5.5: Daunting Trigonometric Integral

The final example of taking out the big part is to estimate a daunting trigonometric integral that I learned as an undergraduate. My classmates and I spent many late nights in the physics library solving homework problems; the graduate students, doing the same for their courses, would regale us with their favorite mathematics and physics problems.

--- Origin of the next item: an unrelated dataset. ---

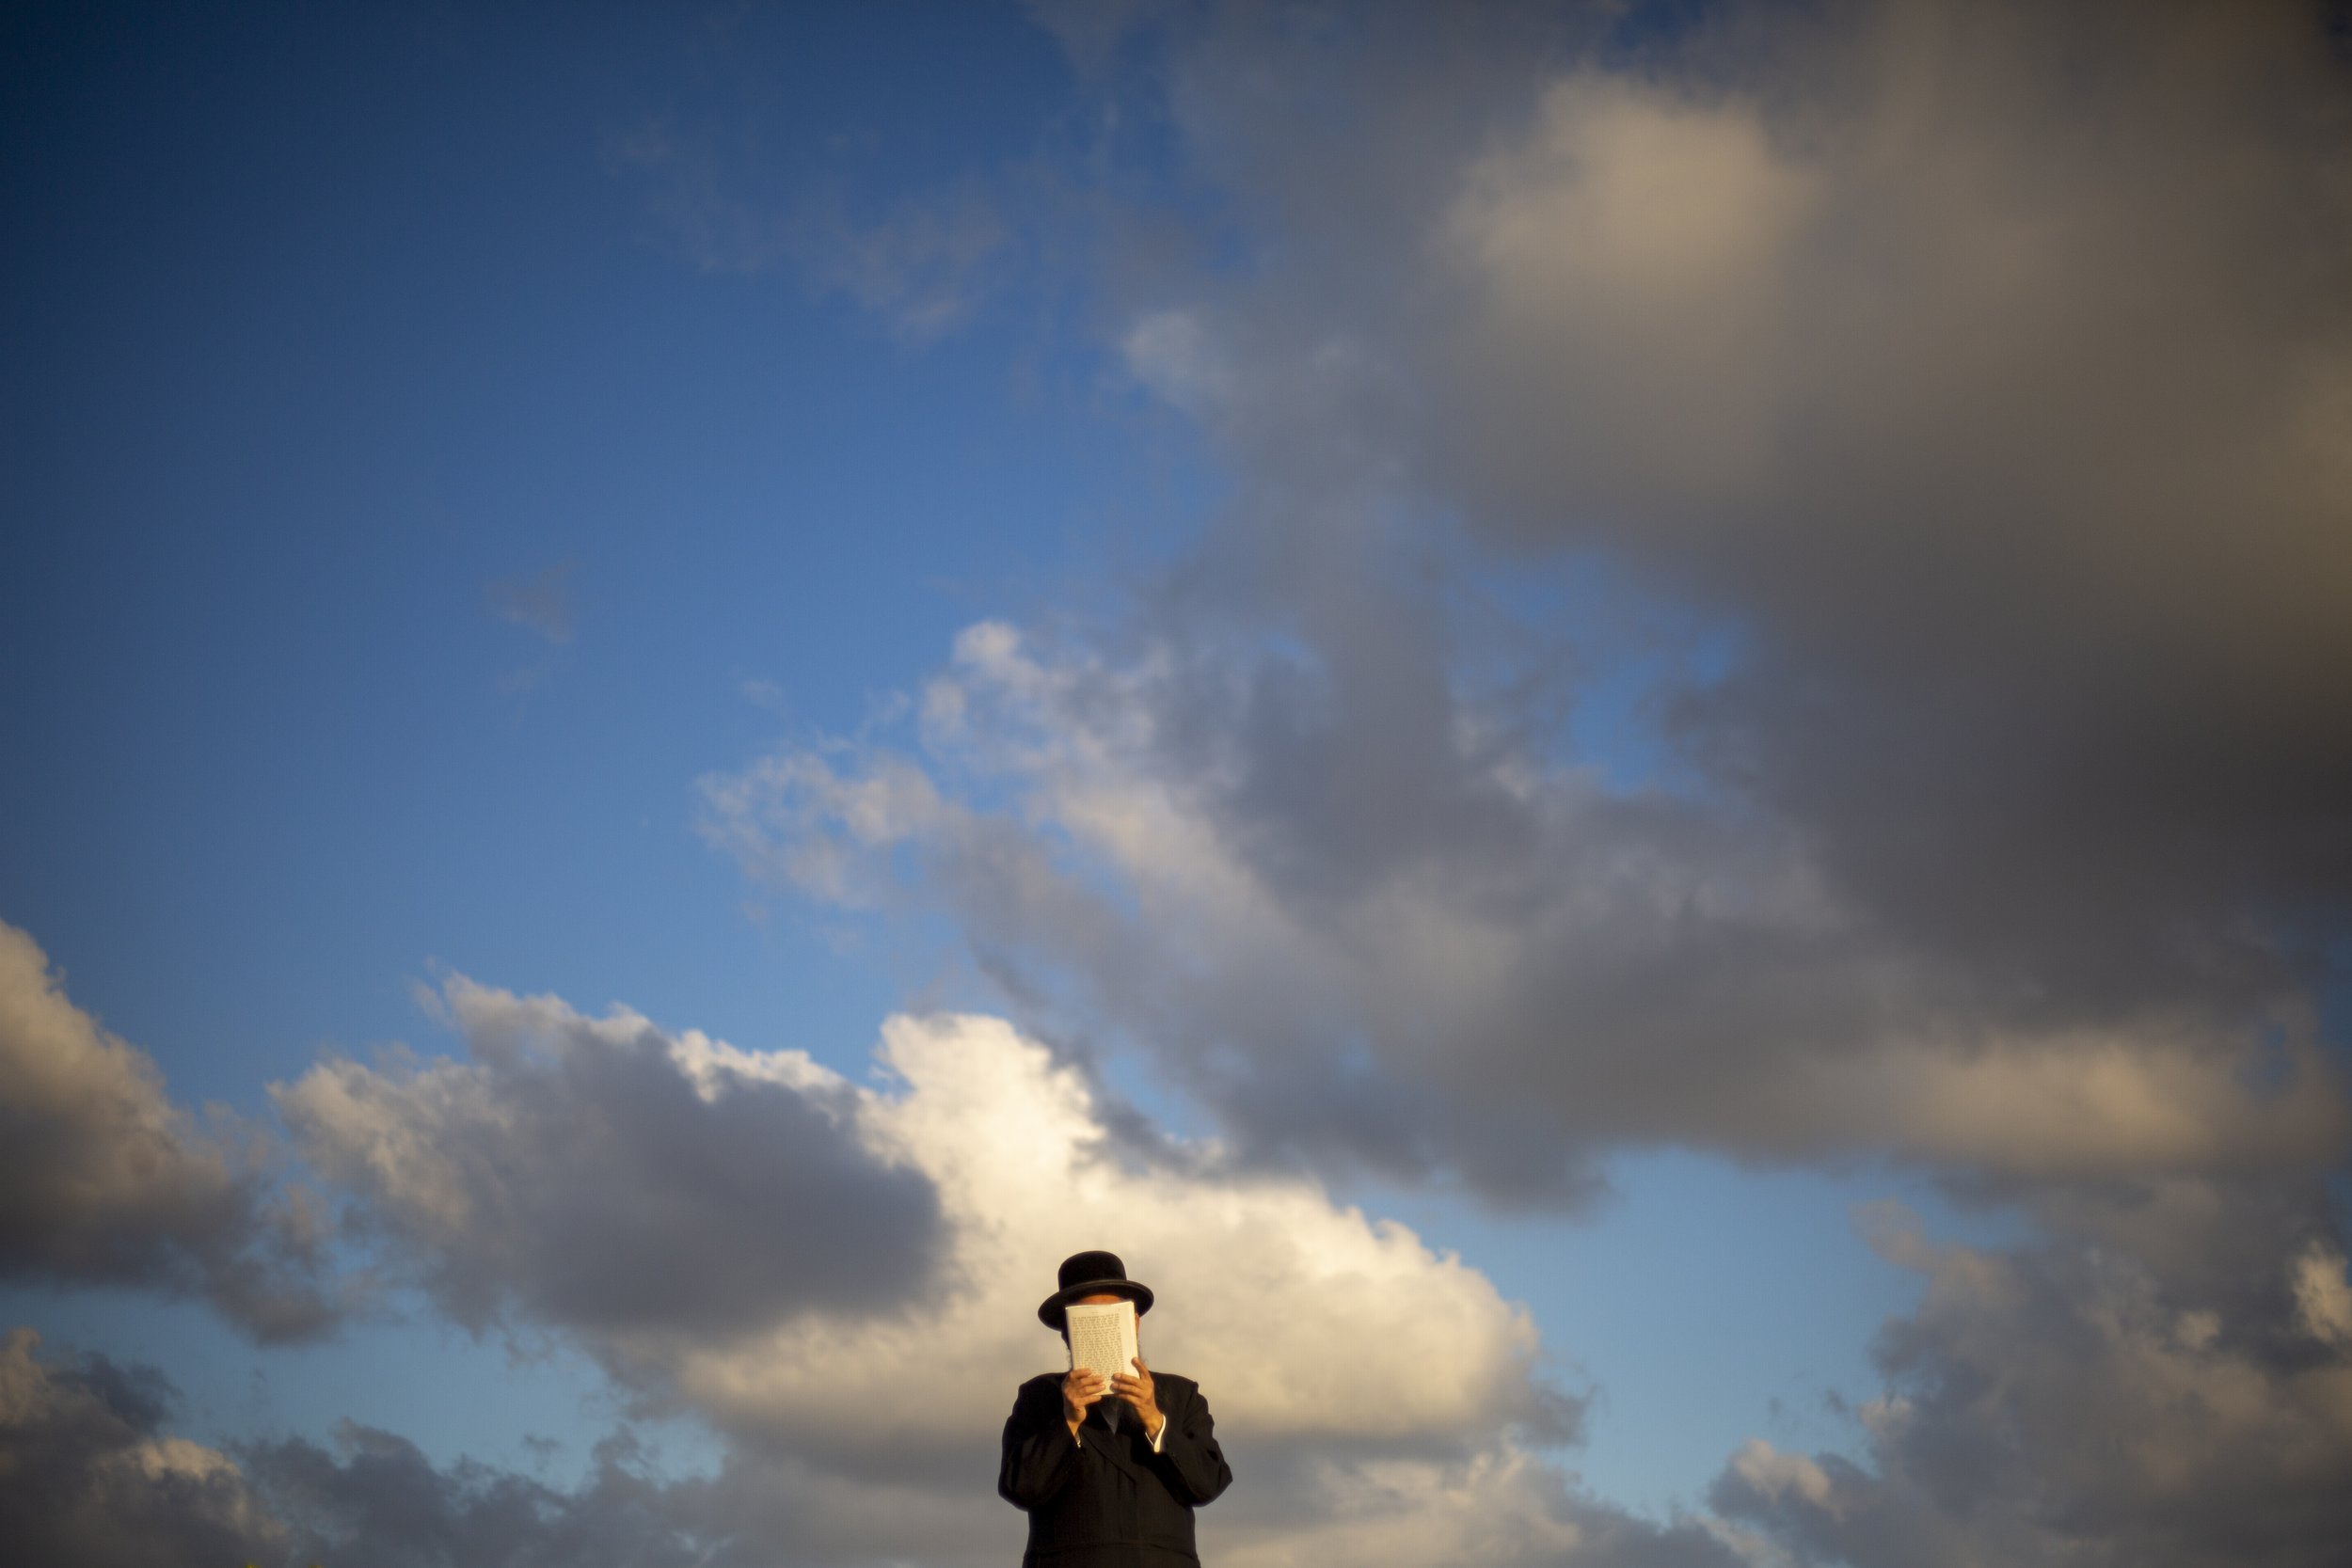  An Ultra-Orthodox Jewish man from the Kiryat Sanz Hassidic sect prays on a hill overlooking the Mediterranean Sea during a Tashlich ceremony in Netanya, Israel, on Sept. 14, 2021. Tashlich, which means "to cast away" in Hebrew, is the practice in wh
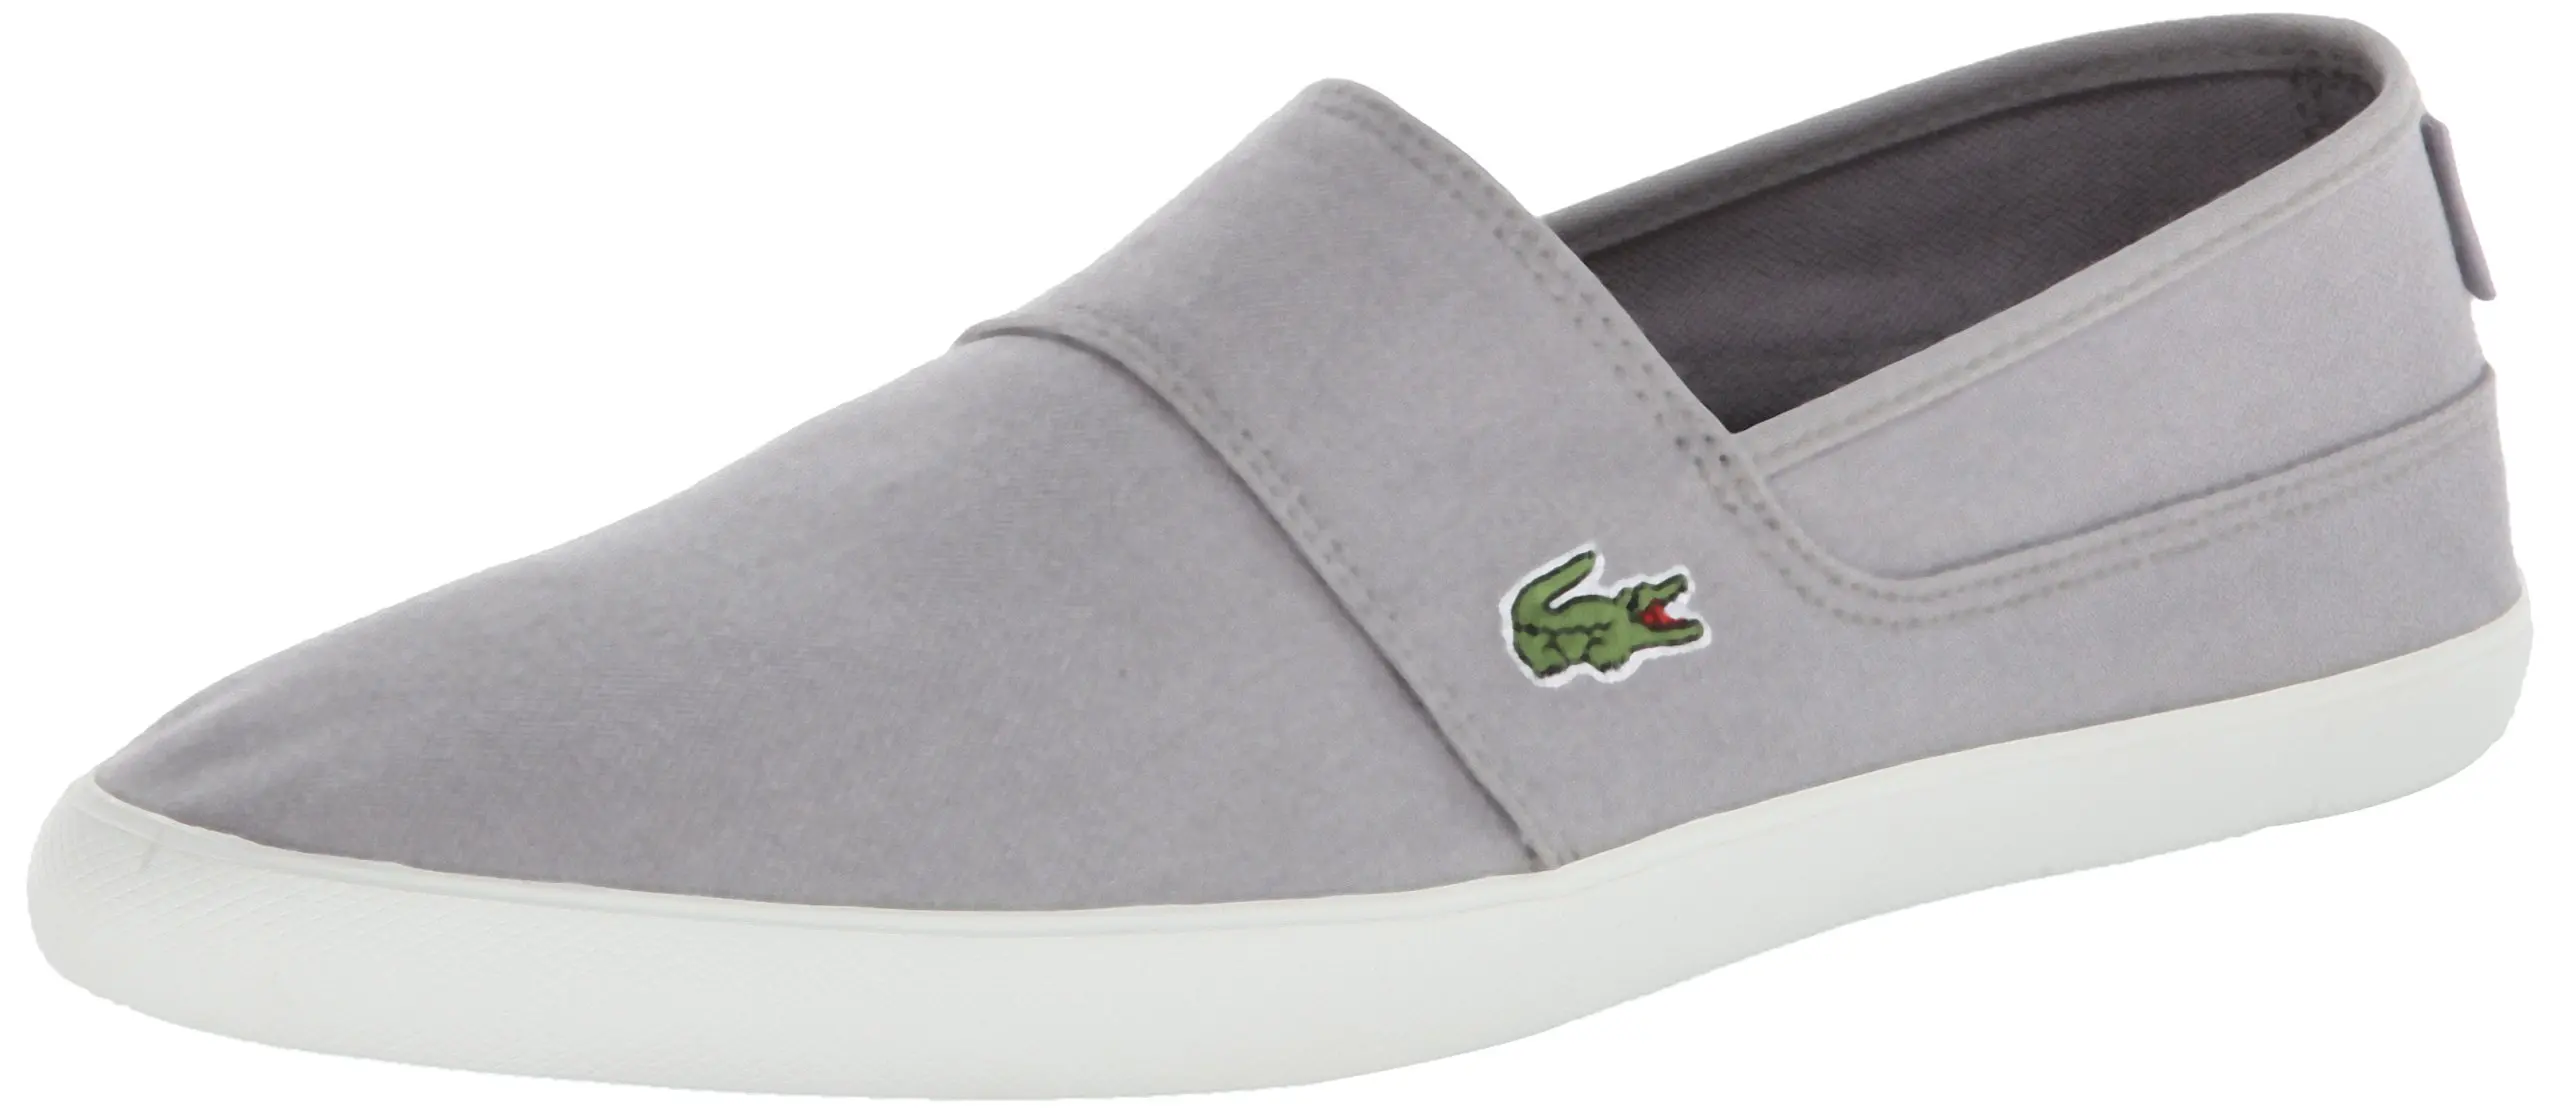 Lacoste Mens Marice LCR Canvas Loafer

The integral appeared on the mathematical-preliminaries exam to enter the Landau Institute for Theoretical Physics in the former USSR. The problem is to evaluate

\[\int_{-\pi/2}^{\pi/2} (\cos t)^{100}dt \label{5.42} \]

to within 5% in less than 5 min without using a calculator or computer!

That \((\cos t)^{100}\) looks frightening. Most trigonometric identities do not help. The usually helpful identity \((\cos t)^{2} = (\cos 2t − 1)/2\) produces only

\[(\cos t)^{100} = (\frac{\cos 2t - 1}{2})^{50}, \label{5.43} \]

which becomes a trigonometric monster upon expanding the 50th power.

A clue pointing to a simpler method is that 5% accuracy is sufficient so, find the big part! The integrand is largest when \(t\) is near zero. There, \(\cos t ≈ 1 − t^{2}/2\) (Problem 5.20), so the integrand is roughly

\[(\cos t)^{100} ≈ (1 - \frac{t^{2}}{2})^{100}. \label{5.44} \]

It has the familiar form \((1 + z)^{n}\), with fractional change \(z = −t^{2}/2\) and exponent \(n = 100\). When \(t\) is small, \(z = −t^{2}/2\) is tiny, so \((1+z)^{n}\) may be approximated using the results of Section 5.3.4:

\[(1+z)^{n} \approx\left\{\begin{array}{ll}
1+n z & (z \ll 1 \text { and } n z \ll 1) \\
e^{n z} & (z \ll 1 \text { and } n z \text { unrestricted) }
\end{array}\right.\label{5.45} \]

Because the exponent \(n\) is large, \(nz\) can be large even when t and \(z\) are small. Therefore, the safest approximation is \((1 + z)^{n} ≈ e^{nz}\); then

\[(\cos t)^{100} ≈ (1 - \frac{t^{2}}{2})^{100} ≈ e^{-50t^{2}}. \label{5.46} \]

A cosine raised to a high power becomes a Gaussian! As a check on this surprising conclusion, computer- generated plots of \((cost)^{n}\) for \(n = 1...5\) show a Gaussian bell shape taking form as \(n\) increases.

Even with this graphical evidence, replacing \((cos t)^{100}\) by a Gaussian is a bit suspicious. In the original integral, t ranges from \(−\pi/2\) to \(\pi/2\), and these endpoints are far outside the region where \(\cos t ≈ 1 − t^{2}/2\) is an accurate approximation. Fortunately, this issue contributes only a tiny error (Problem 5.35). Ignoring this error turns the original integral into a Gaussian integral with finite limits:

\[\int_{-\pi/2}^{\pi/2} (cost)^{100}dt ≈ \int_{-\pi/2}^{\pi/2} e^{-50t^{2}}dt. \label{5.47} \]

Unfortunately, with finite limits the integral has no closed form. But extending the limits to infinity produces a closed form while contributing almost no error (Problem 5.36). The approximation chain is now

\[\int_{-\pi/2}^{\pi/2} (cos t)^{100}dt ≈ \int_{-\pi/2}^{\pi/2} e^{-50t^{2}}dt ≈ \int_{-\infty}^{\infty} e^{-50t^{2}}dt. \label{5.48} \]

The last integral is an old friend (Section 2.1): \(\int_{-\infty}^{\infty} e^{-at^{2}}dt = \sqrt{\pi/a}\). With \(α = 50\), the integral becomes \(\sqrt{π/50}\). Conveniently, 50 is roughly \(16\pi\), so the square root and our 5% estimate is roughly 0.25.

For comparison, the exact integral is (Problem 5.41)

\[\int_{-\infty}^{\infty} (cos t)^{n} dt = 2^{-n}(\left(\begin{array}{l} n \\ n/2 \end{array}\right): \pi \label{5.49} \]

When \(n = 100\), the binomial coefficient and power of two produce

\[\frac{12611418068195524166851562157}{158456325028528675187087900672}\pi ≈ 0.25003696348037. \label{5.50} \]

Our 5-minute, within-5% estimate of 0.25 is accurate to almost 0.01%!